--- DATA FOR THE TASK ---
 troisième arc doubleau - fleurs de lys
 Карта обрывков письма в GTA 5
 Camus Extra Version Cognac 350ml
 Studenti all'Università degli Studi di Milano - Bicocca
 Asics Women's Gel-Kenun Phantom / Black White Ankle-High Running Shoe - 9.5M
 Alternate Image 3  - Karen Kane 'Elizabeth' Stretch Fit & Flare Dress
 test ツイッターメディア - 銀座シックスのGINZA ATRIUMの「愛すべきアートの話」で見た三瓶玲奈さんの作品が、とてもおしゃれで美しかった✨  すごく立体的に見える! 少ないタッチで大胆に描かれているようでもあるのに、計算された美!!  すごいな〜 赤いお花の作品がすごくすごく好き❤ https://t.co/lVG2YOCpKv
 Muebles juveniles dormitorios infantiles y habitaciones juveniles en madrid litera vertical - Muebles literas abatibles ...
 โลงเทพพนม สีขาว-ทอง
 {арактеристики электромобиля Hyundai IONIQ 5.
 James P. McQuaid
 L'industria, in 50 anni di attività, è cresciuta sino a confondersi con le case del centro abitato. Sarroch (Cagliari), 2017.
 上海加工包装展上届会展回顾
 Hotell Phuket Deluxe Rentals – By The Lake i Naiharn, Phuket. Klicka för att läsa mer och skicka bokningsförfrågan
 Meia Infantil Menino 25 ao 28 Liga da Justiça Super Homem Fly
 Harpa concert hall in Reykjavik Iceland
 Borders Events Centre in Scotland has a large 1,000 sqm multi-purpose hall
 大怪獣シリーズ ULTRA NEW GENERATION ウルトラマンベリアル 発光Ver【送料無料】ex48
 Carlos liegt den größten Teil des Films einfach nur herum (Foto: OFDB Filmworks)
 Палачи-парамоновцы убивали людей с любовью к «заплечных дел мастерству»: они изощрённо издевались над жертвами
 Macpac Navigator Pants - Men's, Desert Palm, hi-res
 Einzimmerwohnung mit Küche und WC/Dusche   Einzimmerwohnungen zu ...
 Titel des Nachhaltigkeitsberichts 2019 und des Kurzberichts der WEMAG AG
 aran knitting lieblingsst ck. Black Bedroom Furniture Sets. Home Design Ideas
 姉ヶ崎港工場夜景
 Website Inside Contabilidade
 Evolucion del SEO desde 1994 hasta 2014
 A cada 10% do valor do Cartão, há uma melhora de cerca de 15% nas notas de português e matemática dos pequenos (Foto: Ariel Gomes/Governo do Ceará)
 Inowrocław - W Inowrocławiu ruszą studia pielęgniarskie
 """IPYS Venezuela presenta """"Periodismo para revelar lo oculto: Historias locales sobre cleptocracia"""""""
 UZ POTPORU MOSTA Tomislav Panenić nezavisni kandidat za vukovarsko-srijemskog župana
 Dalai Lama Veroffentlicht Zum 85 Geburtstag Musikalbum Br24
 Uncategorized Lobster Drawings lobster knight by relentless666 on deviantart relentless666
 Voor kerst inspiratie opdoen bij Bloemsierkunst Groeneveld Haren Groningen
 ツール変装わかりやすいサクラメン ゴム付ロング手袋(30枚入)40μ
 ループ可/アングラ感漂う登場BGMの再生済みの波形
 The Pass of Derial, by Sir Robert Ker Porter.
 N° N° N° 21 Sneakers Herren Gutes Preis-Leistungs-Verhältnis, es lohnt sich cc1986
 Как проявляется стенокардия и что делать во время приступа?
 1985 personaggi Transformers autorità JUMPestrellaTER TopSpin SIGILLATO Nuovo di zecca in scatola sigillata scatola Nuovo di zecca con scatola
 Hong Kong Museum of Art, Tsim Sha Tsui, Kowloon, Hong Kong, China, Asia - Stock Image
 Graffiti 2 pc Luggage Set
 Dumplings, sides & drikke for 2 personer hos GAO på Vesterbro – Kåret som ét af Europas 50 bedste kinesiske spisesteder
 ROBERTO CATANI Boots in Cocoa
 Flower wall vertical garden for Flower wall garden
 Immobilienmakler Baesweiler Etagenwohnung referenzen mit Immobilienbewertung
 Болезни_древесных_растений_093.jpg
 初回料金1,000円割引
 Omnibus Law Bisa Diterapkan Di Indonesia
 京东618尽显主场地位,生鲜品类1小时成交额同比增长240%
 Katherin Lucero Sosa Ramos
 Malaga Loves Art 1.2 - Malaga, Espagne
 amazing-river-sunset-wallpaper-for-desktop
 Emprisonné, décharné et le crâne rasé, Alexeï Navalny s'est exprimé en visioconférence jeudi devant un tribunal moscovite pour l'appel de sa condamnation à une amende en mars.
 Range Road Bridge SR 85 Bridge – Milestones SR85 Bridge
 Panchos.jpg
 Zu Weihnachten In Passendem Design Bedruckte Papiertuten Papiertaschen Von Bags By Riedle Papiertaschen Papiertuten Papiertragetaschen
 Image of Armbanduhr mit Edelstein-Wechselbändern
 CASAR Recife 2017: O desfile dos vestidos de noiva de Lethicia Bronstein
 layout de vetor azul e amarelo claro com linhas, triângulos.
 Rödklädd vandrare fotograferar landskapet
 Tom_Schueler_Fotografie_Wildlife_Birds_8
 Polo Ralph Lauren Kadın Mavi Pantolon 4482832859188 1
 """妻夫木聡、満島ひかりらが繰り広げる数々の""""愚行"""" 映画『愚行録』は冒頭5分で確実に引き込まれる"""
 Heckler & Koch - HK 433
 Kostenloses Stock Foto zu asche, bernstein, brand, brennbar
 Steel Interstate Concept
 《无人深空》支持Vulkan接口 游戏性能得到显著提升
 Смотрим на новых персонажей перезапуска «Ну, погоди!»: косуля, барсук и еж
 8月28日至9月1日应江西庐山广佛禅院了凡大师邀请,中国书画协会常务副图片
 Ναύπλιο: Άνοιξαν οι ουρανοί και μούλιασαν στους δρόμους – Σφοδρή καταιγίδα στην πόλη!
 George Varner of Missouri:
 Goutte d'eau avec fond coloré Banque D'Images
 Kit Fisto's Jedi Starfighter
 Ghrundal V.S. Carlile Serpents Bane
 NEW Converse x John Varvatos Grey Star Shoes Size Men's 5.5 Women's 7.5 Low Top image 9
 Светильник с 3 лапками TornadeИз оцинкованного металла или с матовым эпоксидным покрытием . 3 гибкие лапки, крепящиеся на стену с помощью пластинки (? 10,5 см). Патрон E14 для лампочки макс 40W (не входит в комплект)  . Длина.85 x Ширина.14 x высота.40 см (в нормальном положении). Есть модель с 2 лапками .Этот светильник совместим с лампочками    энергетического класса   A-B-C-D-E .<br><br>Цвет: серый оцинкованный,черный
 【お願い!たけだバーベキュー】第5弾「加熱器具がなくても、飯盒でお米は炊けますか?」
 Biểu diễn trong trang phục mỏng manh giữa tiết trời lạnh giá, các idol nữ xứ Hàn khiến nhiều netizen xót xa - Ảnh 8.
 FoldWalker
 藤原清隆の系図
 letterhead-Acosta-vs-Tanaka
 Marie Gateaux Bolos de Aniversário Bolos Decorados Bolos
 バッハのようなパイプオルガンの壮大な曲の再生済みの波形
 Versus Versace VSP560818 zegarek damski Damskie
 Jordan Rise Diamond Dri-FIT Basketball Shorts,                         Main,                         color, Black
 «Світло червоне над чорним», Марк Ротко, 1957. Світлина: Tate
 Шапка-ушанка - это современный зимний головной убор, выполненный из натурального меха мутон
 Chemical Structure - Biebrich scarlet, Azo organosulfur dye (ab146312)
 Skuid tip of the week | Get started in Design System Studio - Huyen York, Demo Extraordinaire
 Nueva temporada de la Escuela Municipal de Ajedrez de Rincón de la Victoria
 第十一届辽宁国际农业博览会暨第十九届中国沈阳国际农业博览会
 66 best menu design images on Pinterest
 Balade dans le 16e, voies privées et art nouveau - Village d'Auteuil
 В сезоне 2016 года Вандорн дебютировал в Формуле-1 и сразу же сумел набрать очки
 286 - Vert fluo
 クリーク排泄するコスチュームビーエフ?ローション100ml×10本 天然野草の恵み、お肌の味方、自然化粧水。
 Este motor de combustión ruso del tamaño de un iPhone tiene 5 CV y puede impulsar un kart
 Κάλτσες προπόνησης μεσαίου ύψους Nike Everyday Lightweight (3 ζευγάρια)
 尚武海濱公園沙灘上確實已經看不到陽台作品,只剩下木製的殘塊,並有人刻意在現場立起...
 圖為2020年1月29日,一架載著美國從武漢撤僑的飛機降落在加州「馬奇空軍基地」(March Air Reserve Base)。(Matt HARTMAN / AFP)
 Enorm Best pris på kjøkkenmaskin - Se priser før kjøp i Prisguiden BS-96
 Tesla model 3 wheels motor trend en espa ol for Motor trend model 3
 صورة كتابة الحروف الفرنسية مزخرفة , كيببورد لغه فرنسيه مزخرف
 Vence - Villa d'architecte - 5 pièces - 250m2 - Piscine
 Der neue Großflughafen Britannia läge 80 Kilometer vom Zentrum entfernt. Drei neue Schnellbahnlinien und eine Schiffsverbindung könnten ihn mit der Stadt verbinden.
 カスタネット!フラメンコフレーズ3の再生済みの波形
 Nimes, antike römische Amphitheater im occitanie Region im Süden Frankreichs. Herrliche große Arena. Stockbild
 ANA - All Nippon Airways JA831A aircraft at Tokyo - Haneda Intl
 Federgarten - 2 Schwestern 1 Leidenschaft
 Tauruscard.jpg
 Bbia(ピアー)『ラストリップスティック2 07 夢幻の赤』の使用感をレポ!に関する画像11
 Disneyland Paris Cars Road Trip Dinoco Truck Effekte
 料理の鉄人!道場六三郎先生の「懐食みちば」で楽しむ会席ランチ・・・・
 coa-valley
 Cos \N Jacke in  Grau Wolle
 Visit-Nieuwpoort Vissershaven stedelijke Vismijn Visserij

--- DIRECTIONS FOR THIS TASK ---
Return each line of the listing that holds the word "vertical".

--- RESULT OF THIS EXERCISE ---
 Muebles juveniles dormitorios infantiles y habitaciones juveniles en madrid litera vertical - Muebles literas abatibles ...
 Flower wall vertical garden for Flower wall garden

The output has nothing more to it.